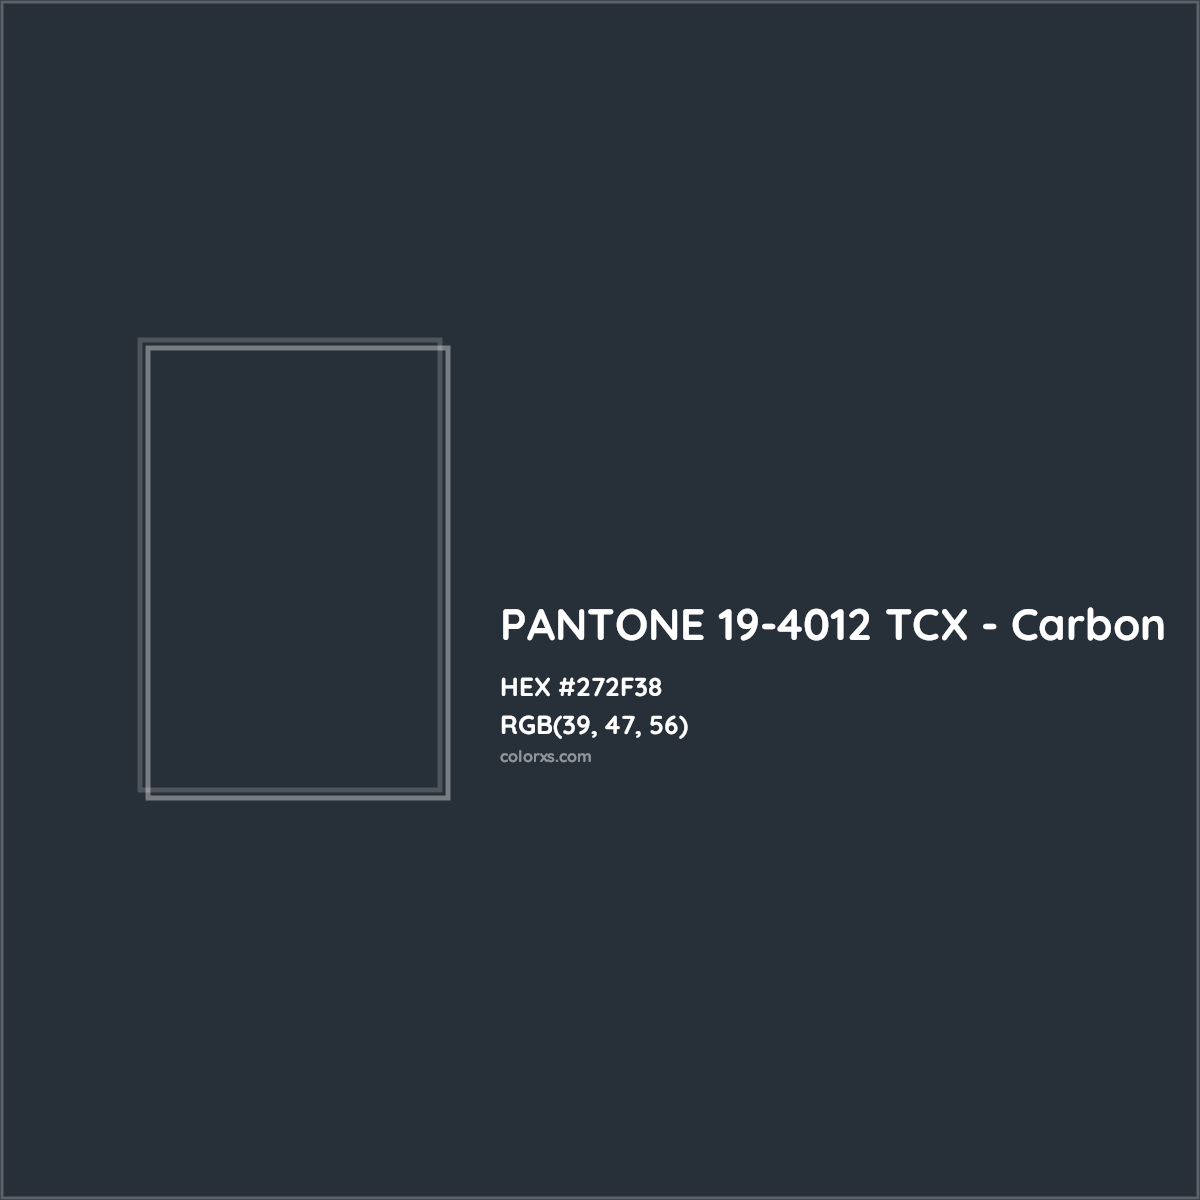 HEX #272F38 PANTONE 19-4012 TCX - Carbon CMS Pantone TCX - Color Code
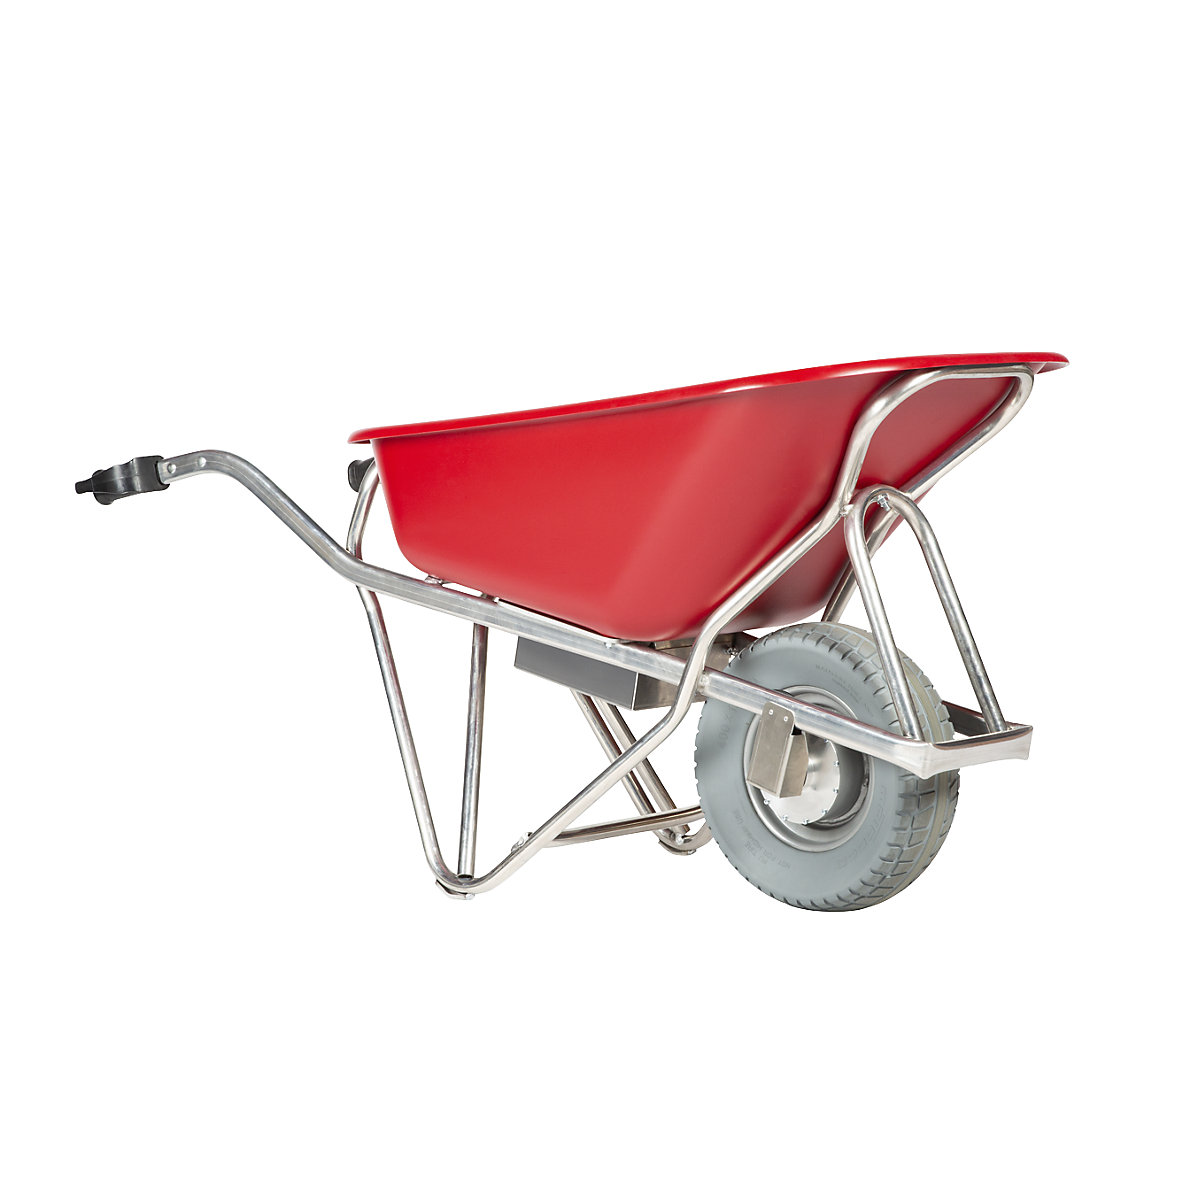 PROFI-MAX electric wheelbarrow – MATADOR
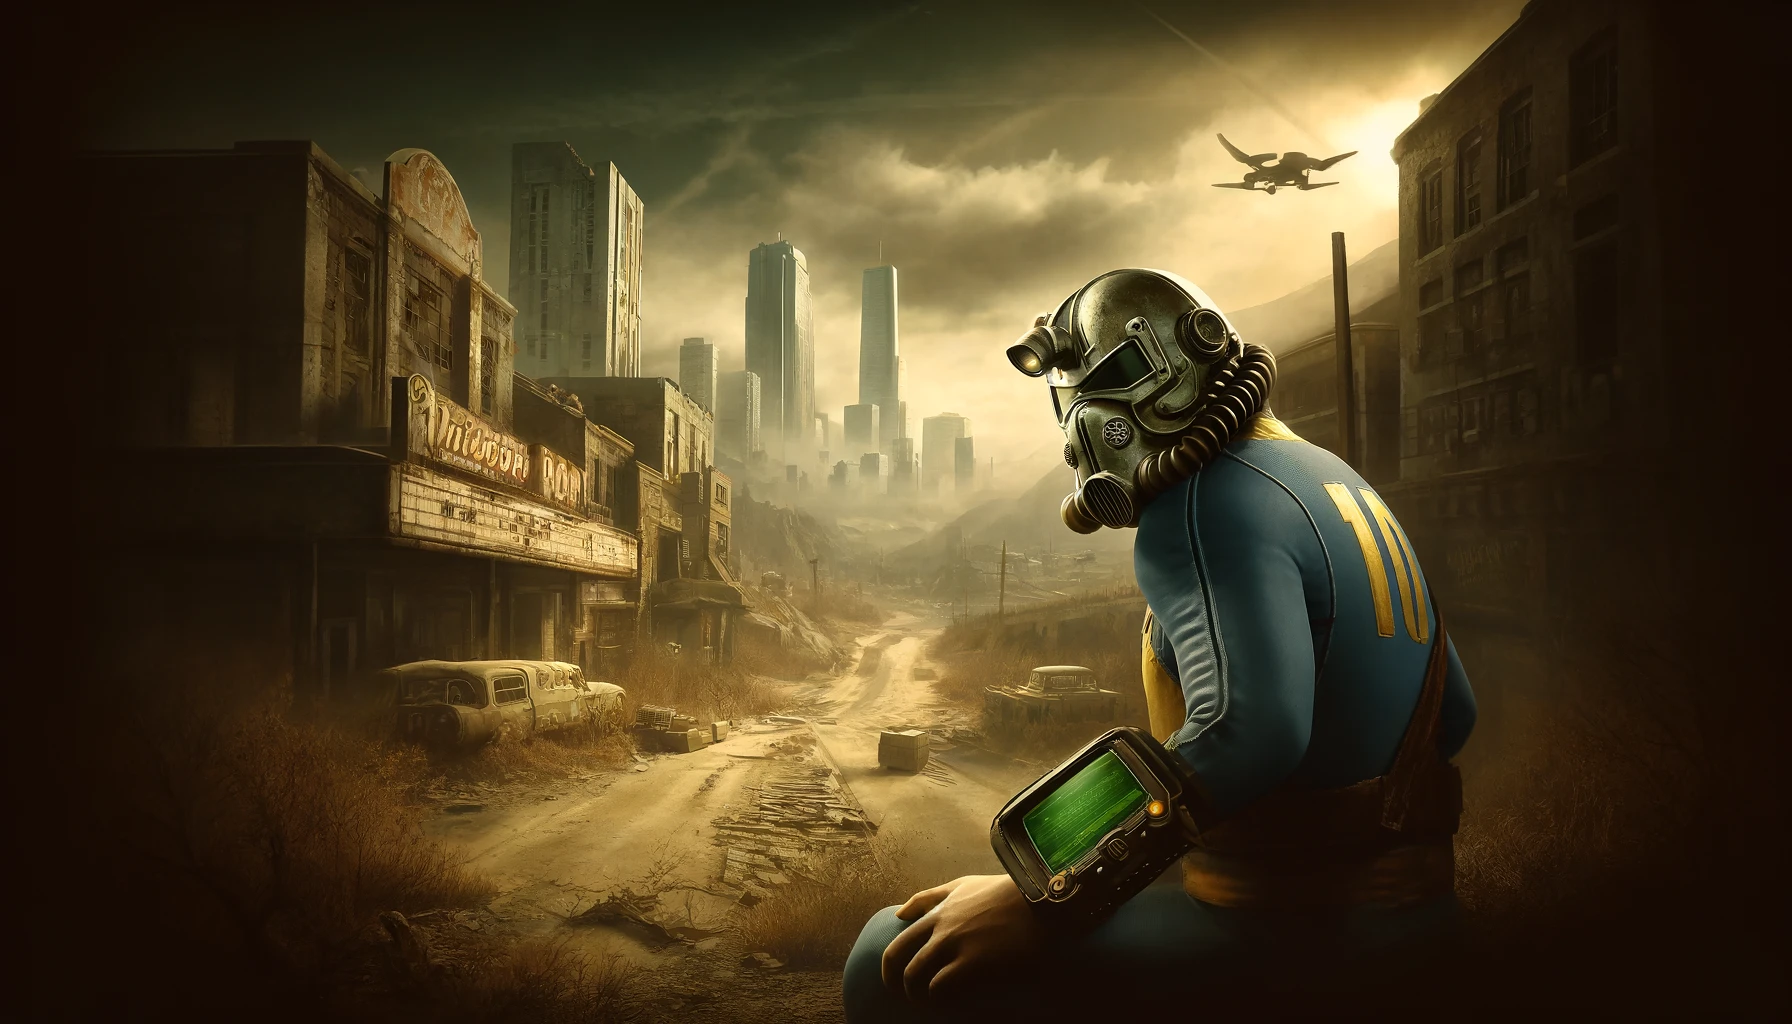 Die Fallout-Serie auf Amazon Prime: Eine meisterhafte Umsetzung des postapokalyptischen Erbes
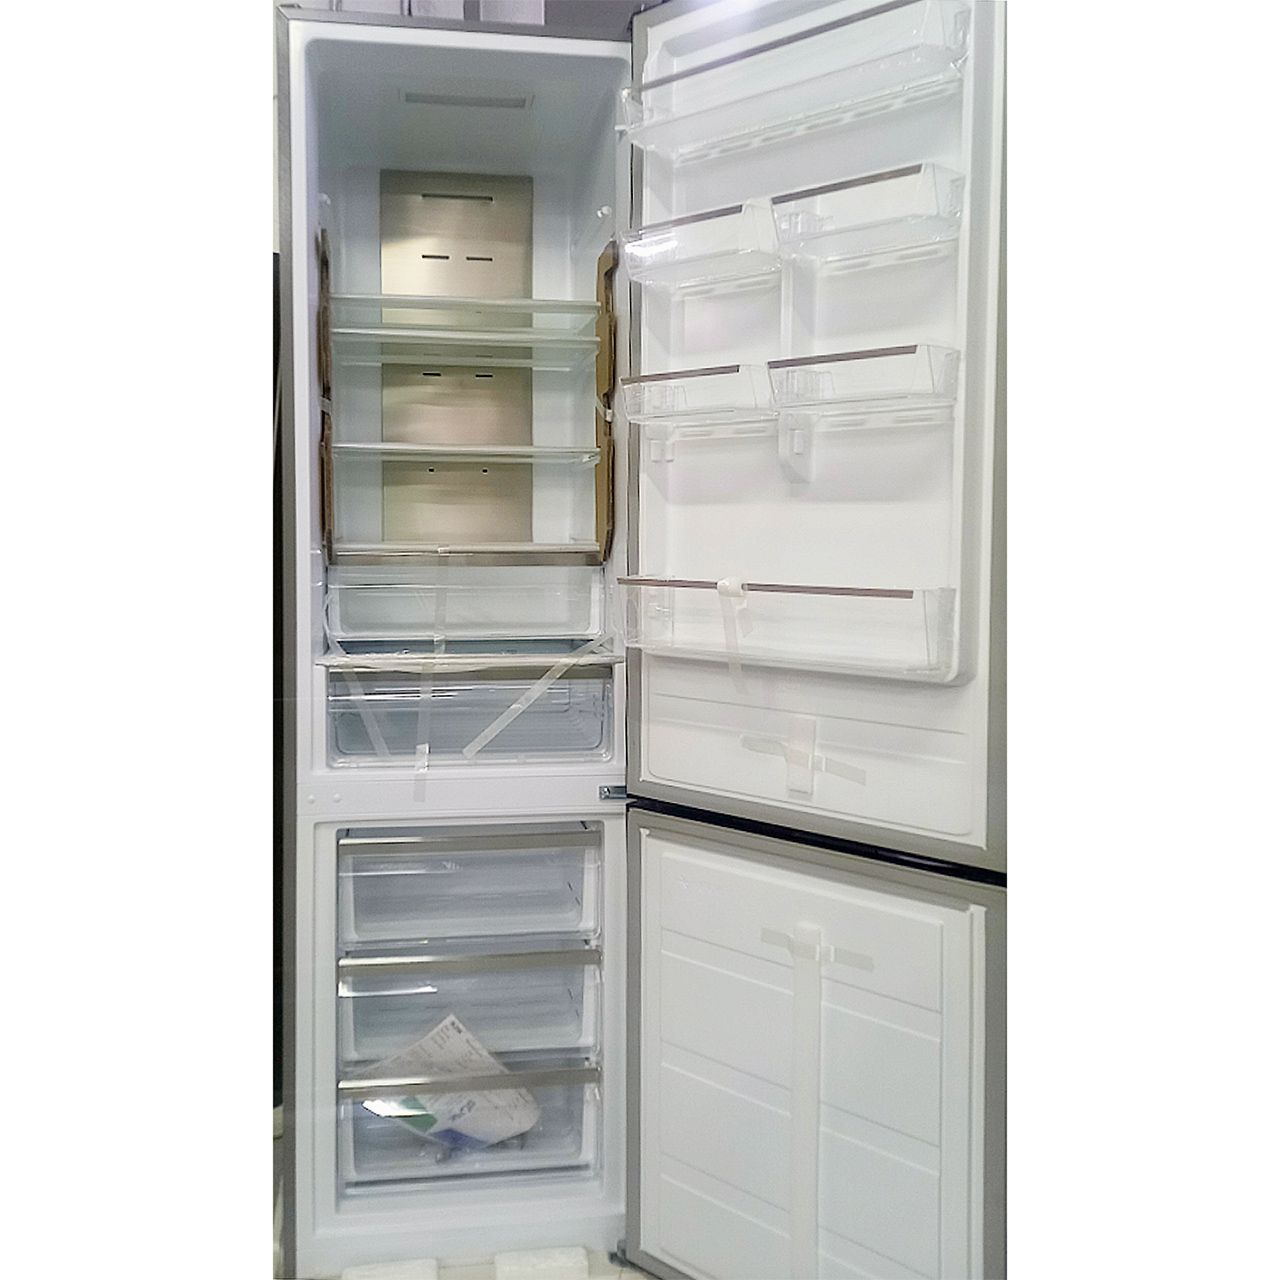 Холодильник двухкамерный Blesk 316 литров
::::::
What the task requires:
I would like the material above returned exactly as it stands, without its pictures.

Written answer:
 HEX #272F38 PANTONE 19-4012 TCX - Carbon CMS Pantone TCX - Color Code
 PROFI-MAX electric wheelbarrow – MATADOR
 Die Fallout-Serie auf Amazon Prime: Eine meisterhafte Umsetzung des postapokalyptischen Erbes
 Холодильник двухкамерный Blesk 316 литров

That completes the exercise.